Pictures aside, every line of the listing should be given again exactly.
**** Raw data
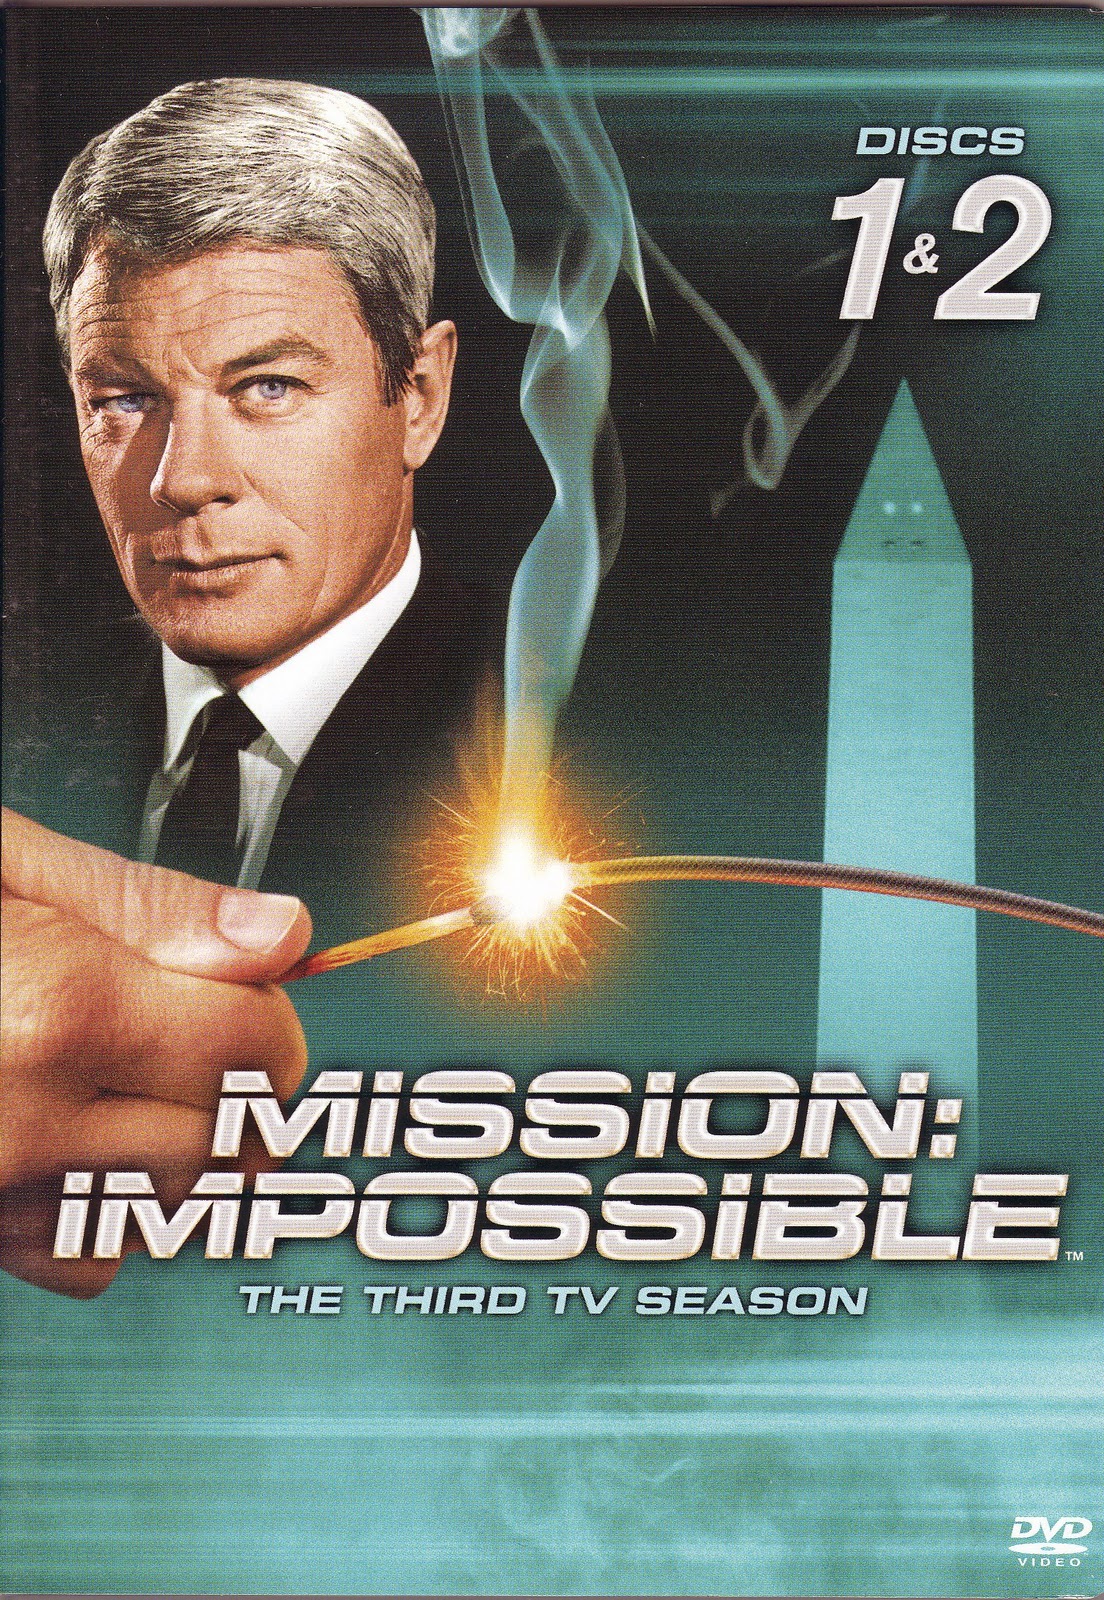 telecharger mission impossible 4 dvdrip french
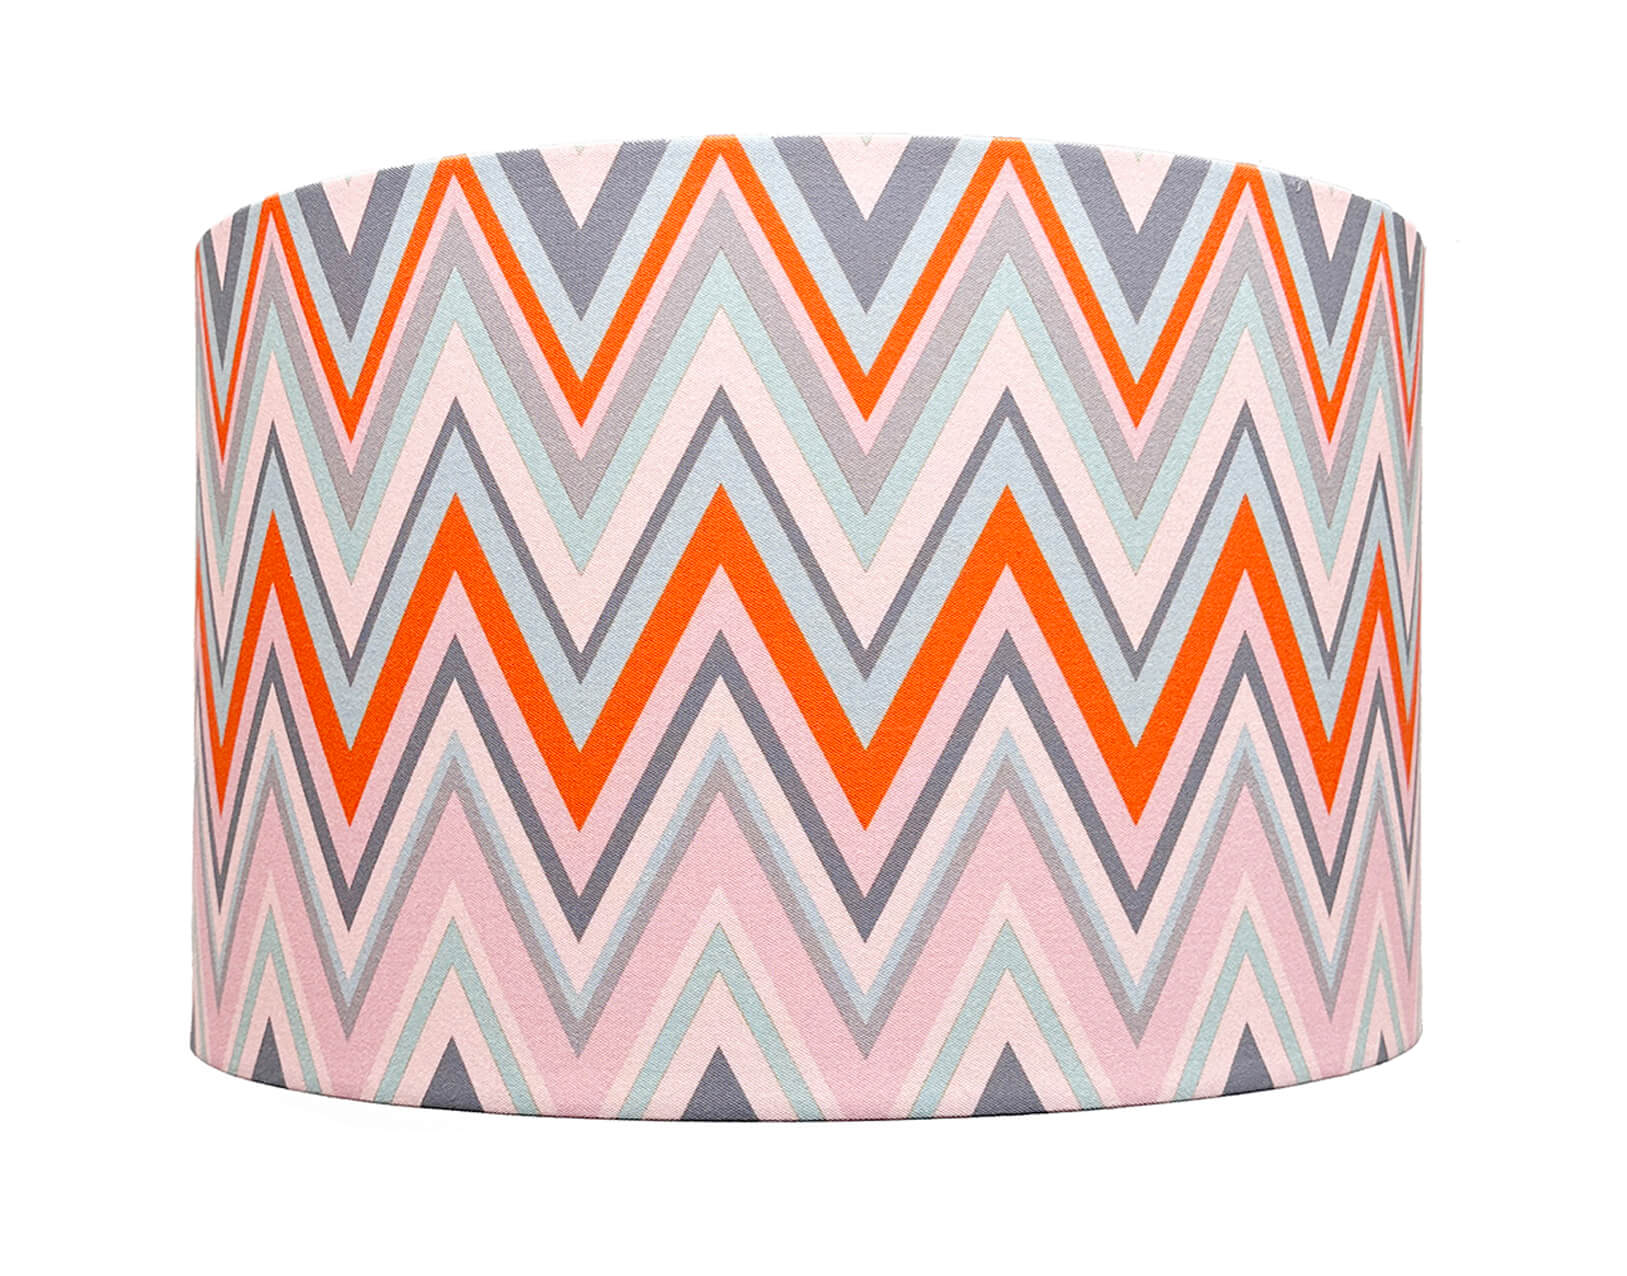 Zig Zag in Clementine lampshade
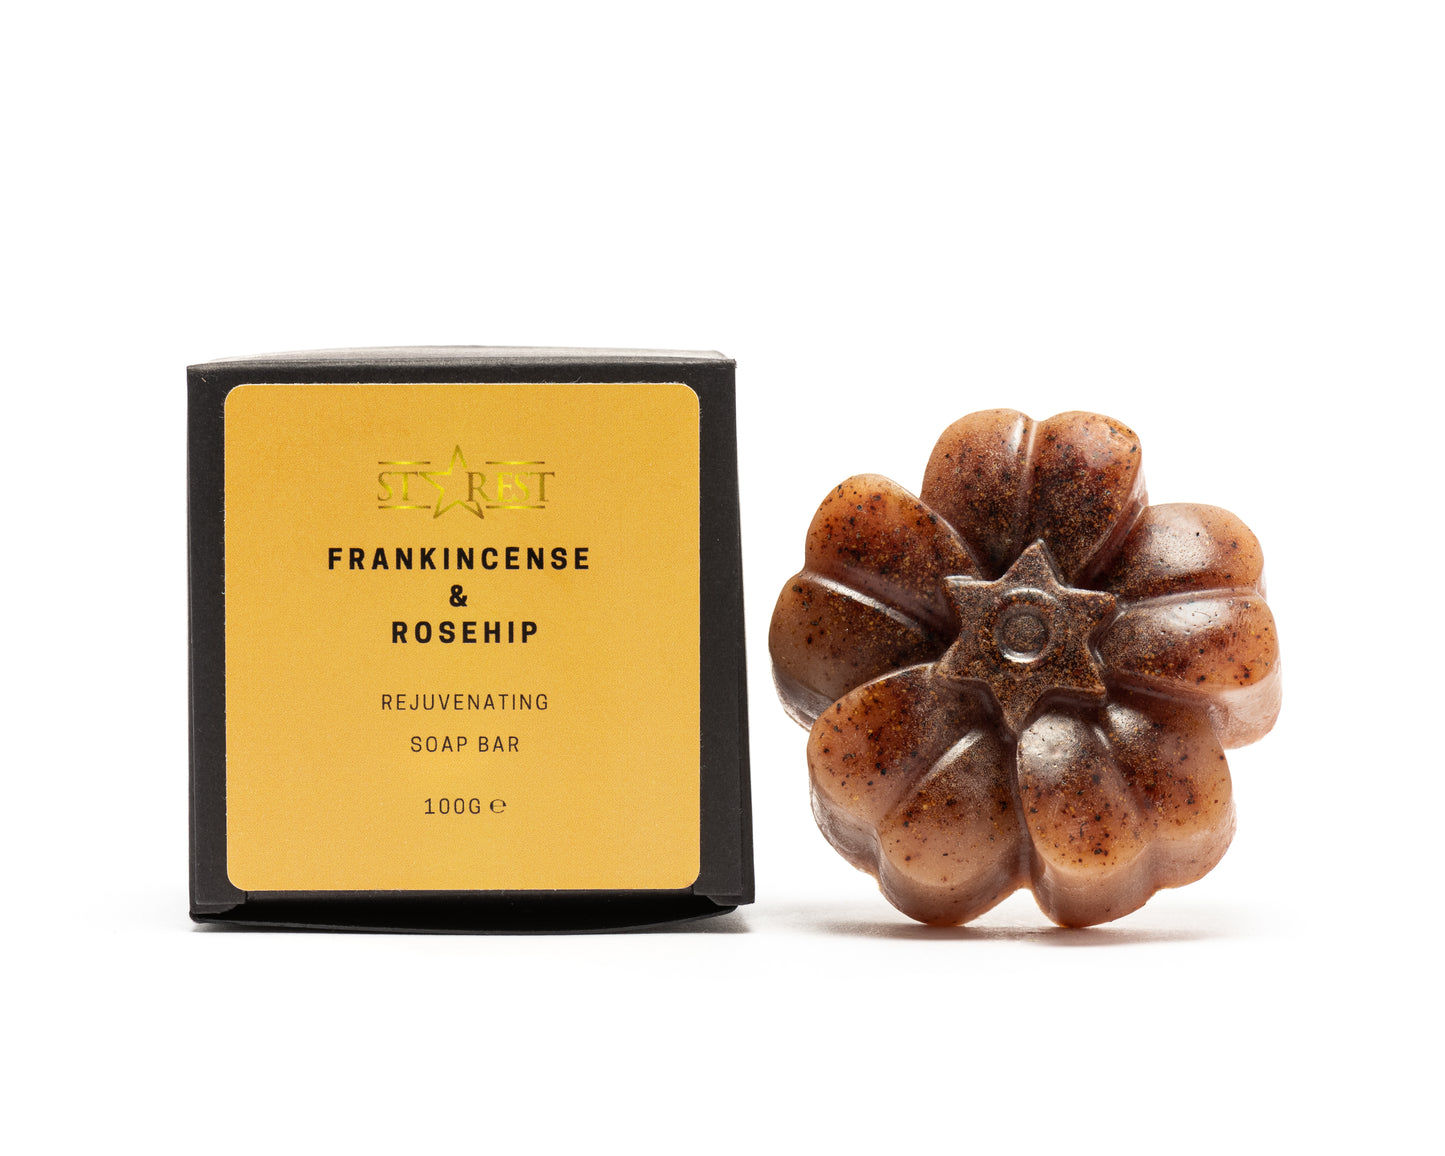 Frankincense and Rosehip Soap
********
→ Result of this task:
 telecharger mission impossible 4 dvdrip french
 Zig Zag in Clementine lampshade
 Frankincense and Rosehip Soap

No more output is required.